色んな種類や機能があり、どれが自分に合っているのかを福祉用具専門相談員と、よく相談してから選ぶといいですよ。
では、どんな種類があるのかご紹介します。
家具調ポータブルトイレ
家具調ポータブルトイレは、見た目は一般的な木目調がデザインされていて、インテリア性が高く、お部屋に置いてあっても違和感なく使用できるタイプです。
重量がありますので、安定性が高くふたが付いているので、使わない時は椅子としても使うことができます。

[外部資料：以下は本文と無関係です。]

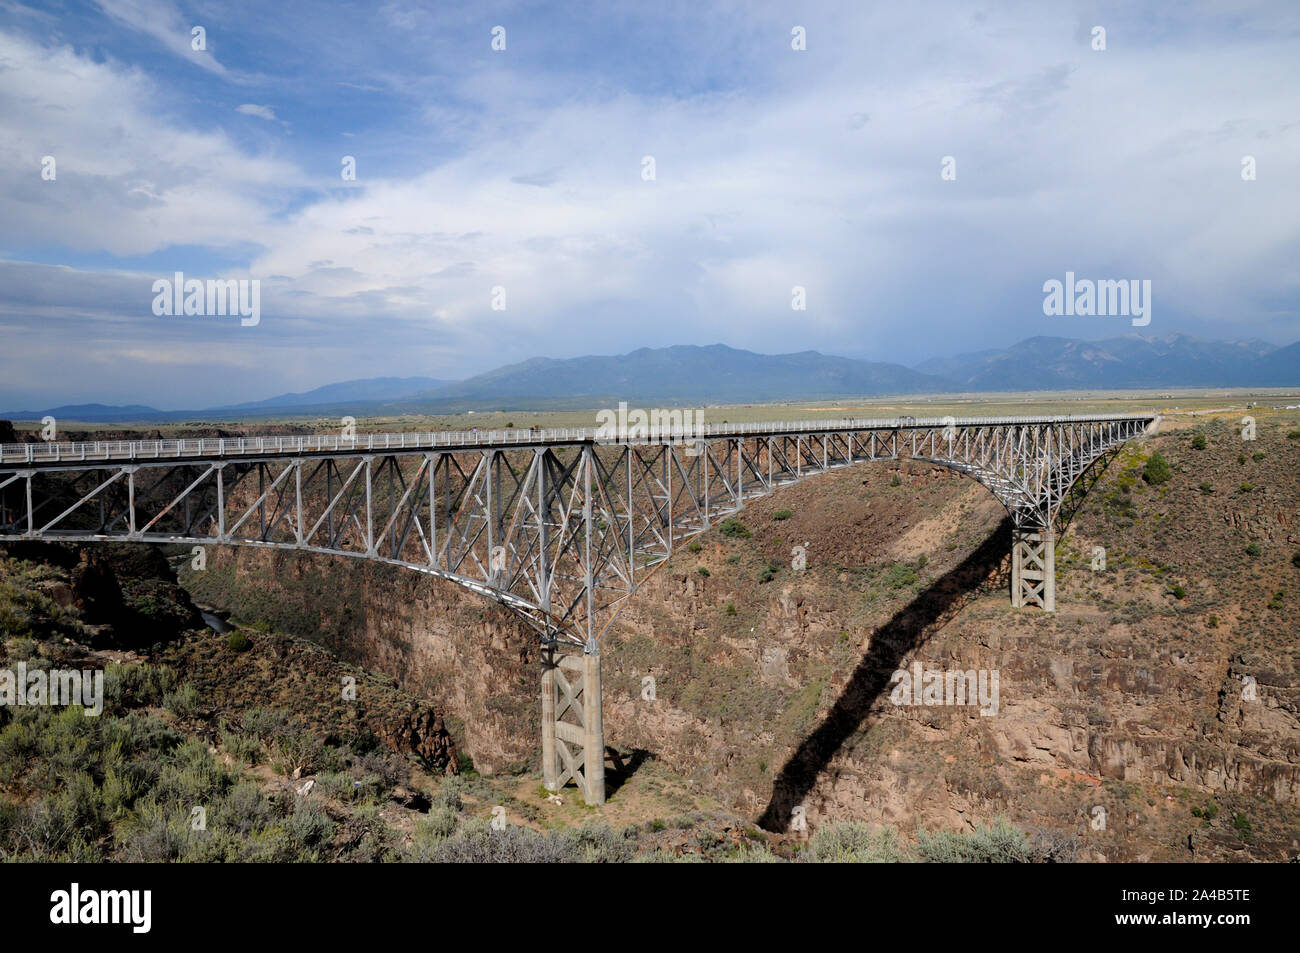 The Rio Grande Gorge bridge, sometimes called the Taos Gorge, on US64 just outside Taos, New Mexico. Stock Photo

このタイプのポータブルトイレは、座位が不安定な方や長時間座る方が適しているため、背もたれやひじ掛けがしっかりしているので、座り心地がいいものにしましょう。
ポータブルトイレが重くて、一人では移動することが難しいという場合は、キャスター付きタイプもあります。
ただ、他のポータブルトイレと比較すると金額は高めで、幅もあるため十分なスペースが必要です。
プラスチック製ポータブルトイレ
家具調タイプとは違って、プラスチック製は軽くて持ち運びしやすく、お手入れもしやすいところが大きな特徴です。

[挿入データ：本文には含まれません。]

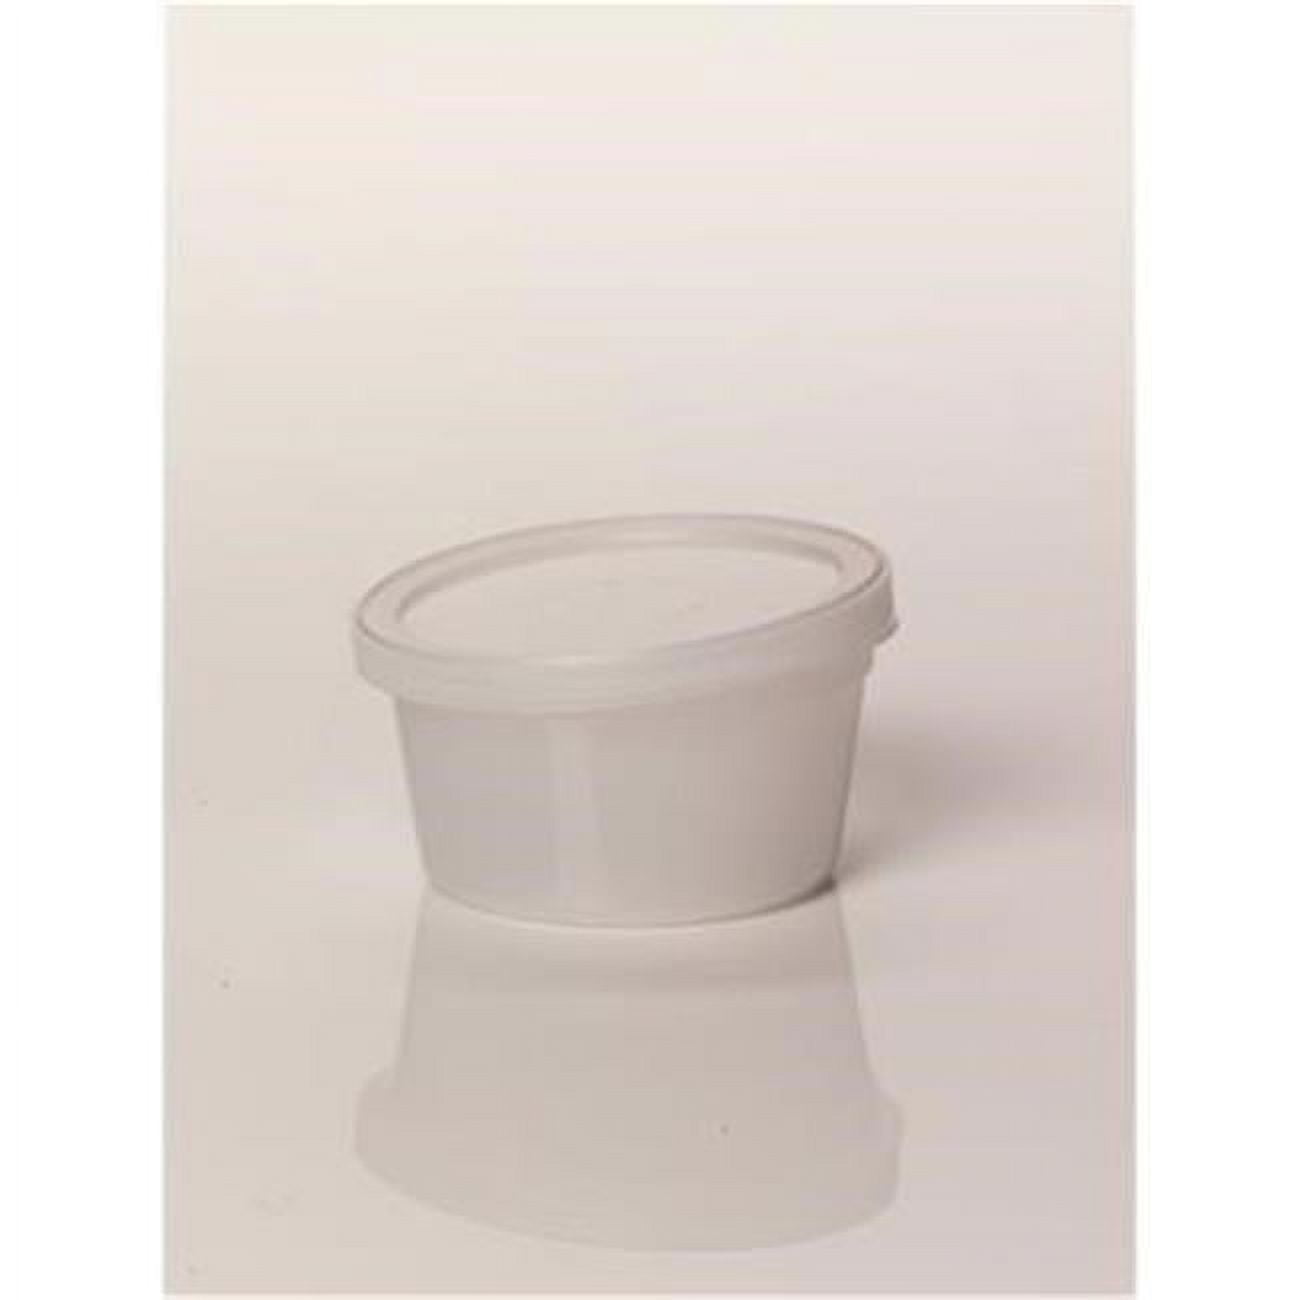 02cl168 168 Oz Hdpe Natural Container, Case Of 100

金額も比較的安く、シンプルなものから多機能のものまでと色んな種類があります。
ただし、軽量タイプは安定性がないため、立ち座りや座位保持が不安定な方には向いていません。
また、転倒リスクのある方には、専用の手すりを使用すると安心して使用できます。
金属製コモード型ポータブルトイレ
金属製コモード型は、安定感があり立ち上がりやすく、軽量で持ち運びもしやすいポータブルトイレです。

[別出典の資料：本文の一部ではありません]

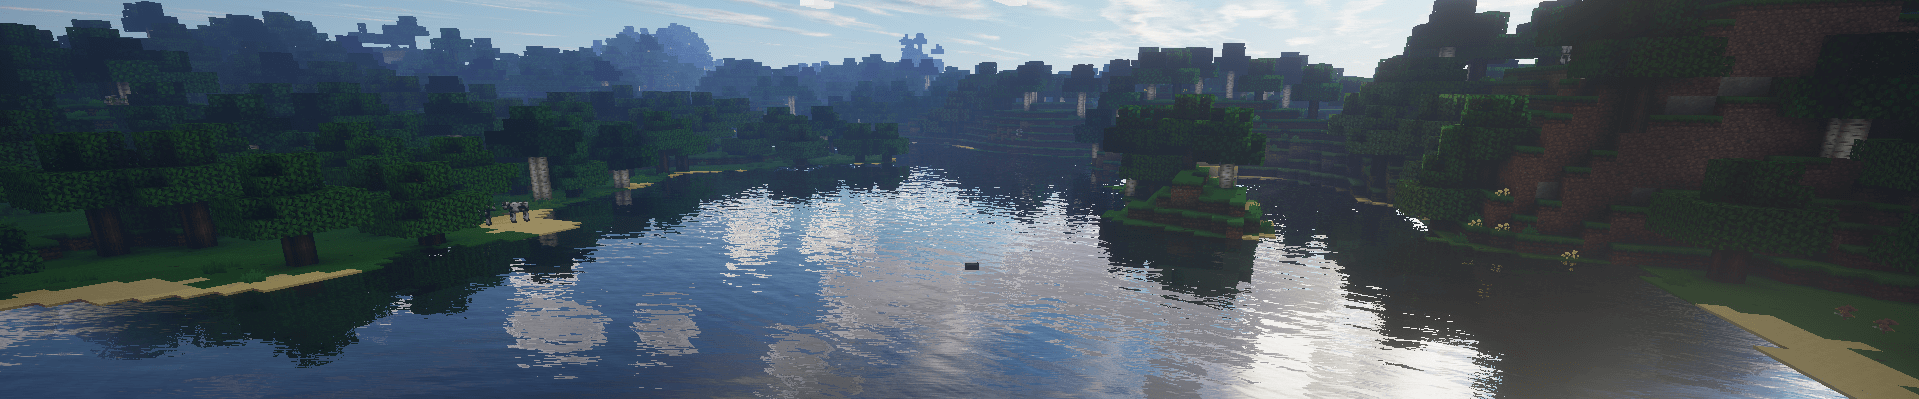 A lake surrounded by trees in Minecraft

座面の高さの調整が簡単にでき、コンパクトなので掃除もしやすく、アームの部分が動くので横への移乗がしやすくとても便利です。
ただ、見た目がシンプルなため部屋のインテリアと合わせるというより、機能性重視の方におすすめです。
スチール製ベッドサイド設置型
スチール製ベッドサイド設置型とは、ベッドサイドに設置するスチール製で、座面の高さの調整ができ、手すりの片方がないため横への移乗がしやすくなっています。
設置場所としては、座面の高さをベッドと合わせられるため、ベッドサイドに適していますが、重量があるため移動させるのが難しいため、置き場所を前もって決めておくといいですよ。
水洗式ポータブルトイレ
一般的なトイレと同様のタイプで、水洗式のためニオイが気になる方には、おすすめのポータブルトイレです。
一般的なポータブルトイレは、バケツ汲み取り式のため、排泄物のニオイが部屋のこもってしまいますが、使用後はレバーを上げれば排泄物が流れるので、後始末がなく家族の負担も軽減されます。
他のポータブルトイレと比べると、設置スペースや配管工事が必要となります。
ポータブルトイレの機能について
色んな種類のポータブルトイレを紹介しましたが、機能的にはどんなものがあるのか解説していきます。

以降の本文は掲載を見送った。